The Reactor pattern offers the following benefits:

Separation of concerns
The Reactor pattern decouples application-independent demultiplexing and dispatching mechanisms from application-specific hook method functionality. The application-independent mechanisms can be designed as reusable components that know how to demultiplex indication events and dispatch the appropriate hook methods defined by event handlers. Conversely, the application-specific functionality in a hook method knows how to perform a particular type of service.
Modularity, reusability, and configurability
The pattern decouples event-driven application functionality into several components. For example, connection-oriented services can be decomposed into two components: one for establishing connections and another for receiving and processing data.
Portability
UNIX platforms offer two synchronous event demultiplexing functions, select() and poll(), whereas on Win32 platforms the WaitForMultipleObjects() or select() functions can be used to demultiplex events synchronously. By decoupling the reactor's interface from the lowerlevel operating system synchronous event demultiplexing functions used in its implementation, the Reactor pattern therefore enables applications to be ported more readily across platforms.
Coarse-grained concurrency control
Reactor pattern implementations serialize the invocation of event handlers at the level of event demultiplexing and dispatching within an application process or thread. This coarse-grained concurrency control can eliminate the need for more complicated synchronization within an application process.
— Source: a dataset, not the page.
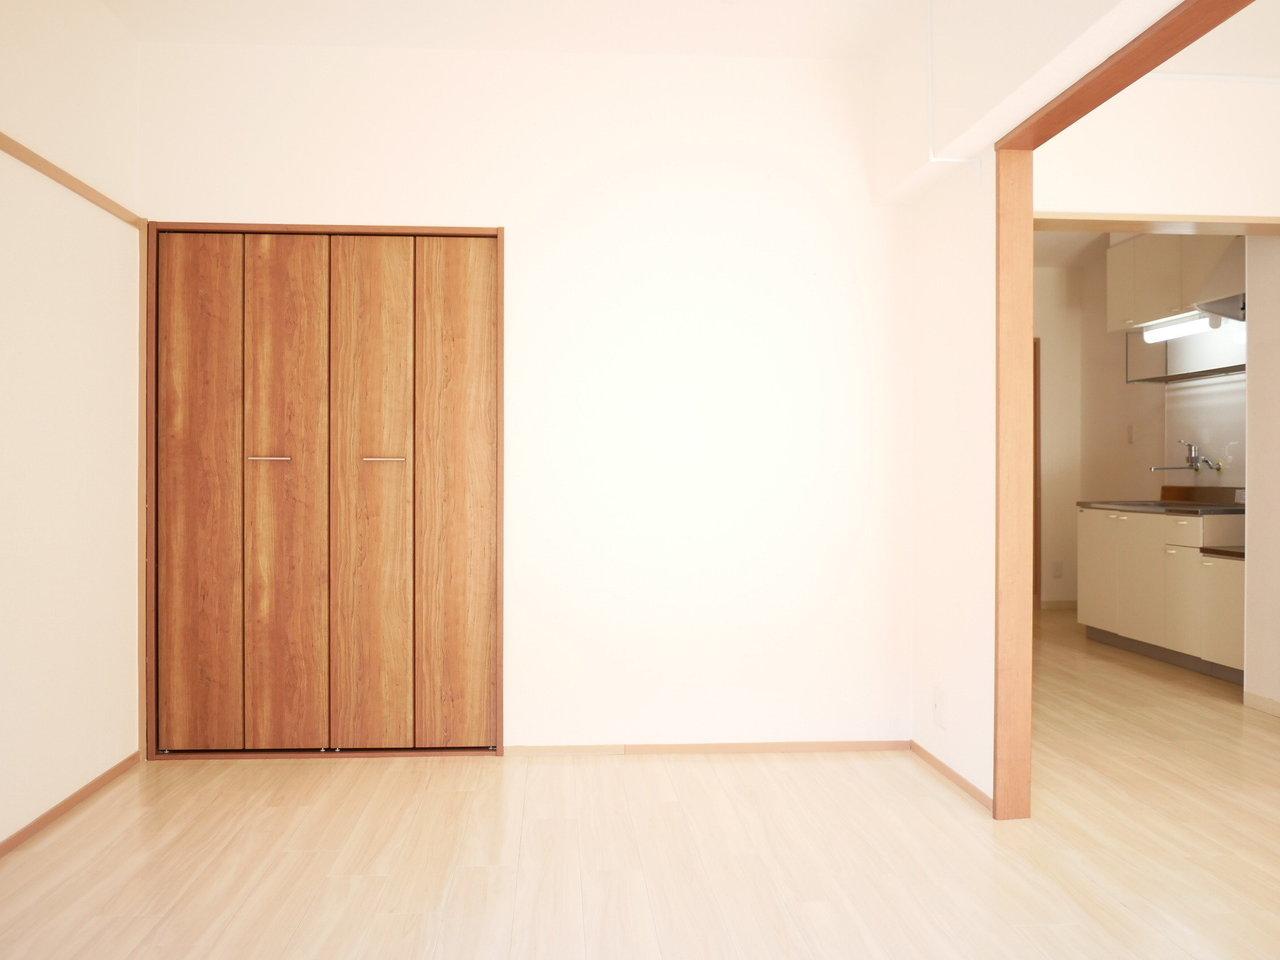 なんと収納スペースが各部屋に合計で3つもあるので、一人が1つずつ使ってもまだ余るほど。残りの1つはあまり出し入れがない季節ものの洋服や家電などを入れておいてもいいかもしれません。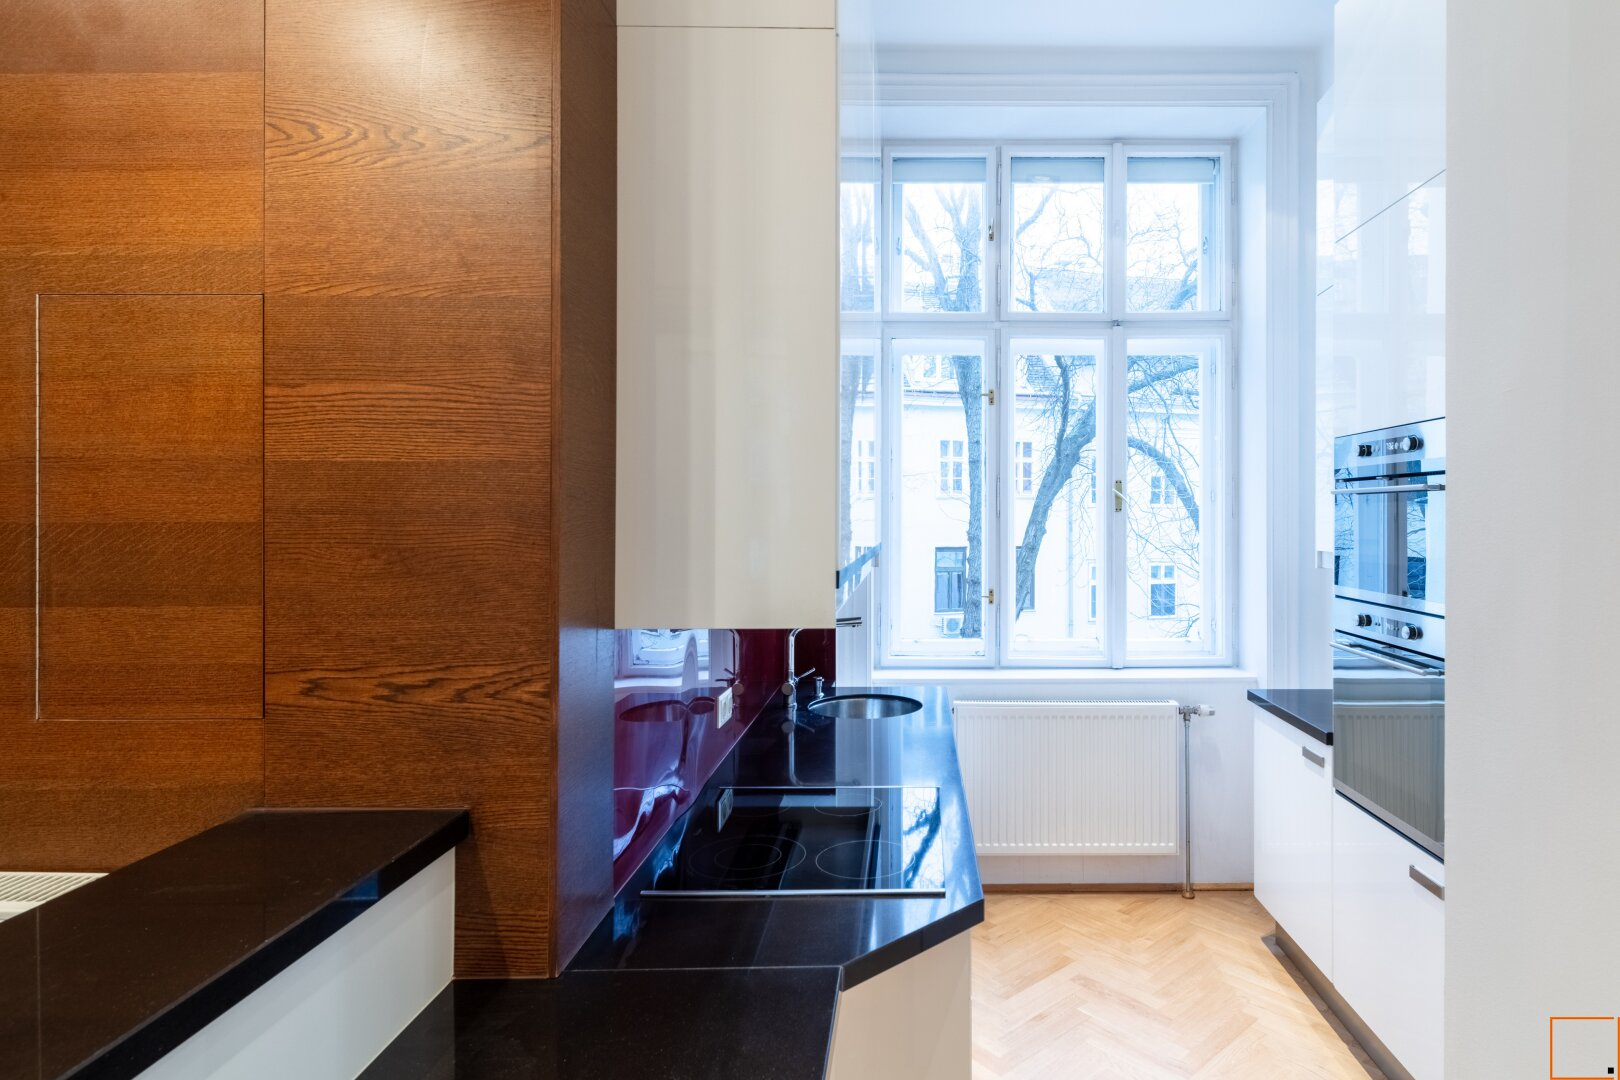 Küche mit Blick in begrünten Innenhof

The Reactor pattern can also incur the following liabilities:

Restricted applicability
The Reactor pattern can be applied most efficiently if the operating system supports synchronous event demultiplexing on handle sets. If the operating system does not provide this support, however, it is possible to emulate the semantics of the Reactor pattern using multiple threads within the reactor implementation. This is possible, for example, by associating one thread to process each handle.
Non-pre-emptive
In a single-threaded application, concrete event handlers that borrow the thread of their reactor can run to completion and prevent the reactor from dispatching other event handlers. In general, therefore, an event handler should not perform long duration operations, such as blocking I/O on an individual handle, because this can block the entire process and impede the reactor's responsiveness to clients connected to other handles.
Complexity of debugging and testing
It can be hard to debug applications structured using the Reactor pattern due to its inverted flow of control. In this pattern control oscillates between the framework infrastructure and the method call-backs on application-specific event handlers. The Reactor's inversion of control increases the difficulty of 'single-stepping' through the run-time behavior of a reactive framework within a debugger, because application developers may not understand or have access to the framework code.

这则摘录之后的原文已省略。